Assignment. Every record below should appear in your answer, copied exactly.

Stored records.
[Start of section]

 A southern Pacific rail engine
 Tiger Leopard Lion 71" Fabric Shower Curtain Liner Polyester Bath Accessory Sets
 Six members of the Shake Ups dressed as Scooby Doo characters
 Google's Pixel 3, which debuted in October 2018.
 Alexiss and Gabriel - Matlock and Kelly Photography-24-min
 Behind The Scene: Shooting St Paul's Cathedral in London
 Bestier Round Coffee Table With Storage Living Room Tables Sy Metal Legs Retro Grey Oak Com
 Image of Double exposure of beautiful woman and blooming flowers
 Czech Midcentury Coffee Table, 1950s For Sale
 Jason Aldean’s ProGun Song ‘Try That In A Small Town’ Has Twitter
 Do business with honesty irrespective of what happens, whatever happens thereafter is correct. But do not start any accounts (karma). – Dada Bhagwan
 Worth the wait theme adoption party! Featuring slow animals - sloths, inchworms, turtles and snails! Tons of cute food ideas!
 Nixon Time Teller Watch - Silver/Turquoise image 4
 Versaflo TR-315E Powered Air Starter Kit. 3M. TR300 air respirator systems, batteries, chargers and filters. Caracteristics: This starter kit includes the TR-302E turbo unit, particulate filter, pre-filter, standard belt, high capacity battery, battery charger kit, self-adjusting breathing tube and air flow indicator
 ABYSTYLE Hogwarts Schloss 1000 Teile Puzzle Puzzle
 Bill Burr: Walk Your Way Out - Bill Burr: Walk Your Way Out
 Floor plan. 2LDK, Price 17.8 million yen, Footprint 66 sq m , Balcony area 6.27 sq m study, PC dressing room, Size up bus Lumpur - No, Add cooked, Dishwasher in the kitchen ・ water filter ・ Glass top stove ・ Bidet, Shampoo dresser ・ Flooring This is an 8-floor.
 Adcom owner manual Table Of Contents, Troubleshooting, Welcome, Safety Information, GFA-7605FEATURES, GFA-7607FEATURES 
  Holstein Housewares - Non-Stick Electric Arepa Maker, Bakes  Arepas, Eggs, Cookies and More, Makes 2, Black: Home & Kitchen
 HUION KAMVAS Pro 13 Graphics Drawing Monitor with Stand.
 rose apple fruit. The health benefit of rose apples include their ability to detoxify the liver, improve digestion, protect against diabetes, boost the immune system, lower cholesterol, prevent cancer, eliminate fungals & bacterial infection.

[End of section]

Your solution.
 A southern Pacific rail engine
 Tiger Leopard Lion 71" Fabric Shower Curtain Liner Polyester Bath Accessory Sets
 Six members of the Shake Ups dressed as Scooby Doo characters
 Google's Pixel 3, which debuted in October 2018.
 Alexiss and Gabriel - Matlock and Kelly Photography-24-min
 Behind The Scene: Shooting St Paul's Cathedral in London
 Bestier Round Coffee Table With Storage Living Room Tables Sy Metal Legs Retro Grey Oak Com
 Image of Double exposure of beautiful woman and blooming flowers
 Czech Midcentury Coffee Table, 1950s For Sale
 Jason Aldean’s ProGun Song ‘Try That In A Small Town’ Has Twitter
 Do business with honesty irrespective of what happens, whatever happens thereafter is correct. But do not start any accounts (karma). – Dada Bhagwan
 Worth the wait theme adoption party! Featuring slow animals - sloths, inchworms, turtles and snails! Tons of cute food ideas!
 Nixon Time Teller Watch - Silver/Turquoise image 4
 Versaflo TR-315E Powered Air Starter Kit. 3M. TR300 air respirator systems, batteries, chargers and filters. Caracteristics: This starter kit includes the TR-302E turbo unit, particulate filter, pre-filter, standard belt, high capacity battery, battery charger kit, self-adjusting breathing tube and air flow indicator
 ABYSTYLE Hogwarts Schloss 1000 Teile Puzzle Puzzle
 Bill Burr: Walk Your Way Out - Bill Burr: Walk Your Way Out
 Floor plan. 2LDK, Price 17.8 million yen, Footprint 66 sq m , Balcony area 6.27 sq m study, PC dressing room, Size up bus Lumpur - No, Add cooked, Dishwasher in the kitchen ・ water filter ・ Glass top stove ・ Bidet, Shampoo dresser ・ Flooring This is an 8-floor.
 Adcom owner manual Table Of Contents, Troubleshooting, Welcome, Safety Information, GFA-7605FEATURES, GFA-7607FEATURES 
  Holstein Housewares - Non-Stick Electric Arepa Maker, Bakes  Arepas, Eggs, Cookies and More, Makes 2, Black: Home & Kitchen
 HUION KAMVAS Pro 13 Graphics Drawing Monitor with Stand.
 rose apple fruit. The health benefit of rose apples include their ability to detoxify the liver, improve digestion, protect against diabetes, boost the immune system, lower cholesterol, prevent cancer, eliminate fungals & bacterial infection.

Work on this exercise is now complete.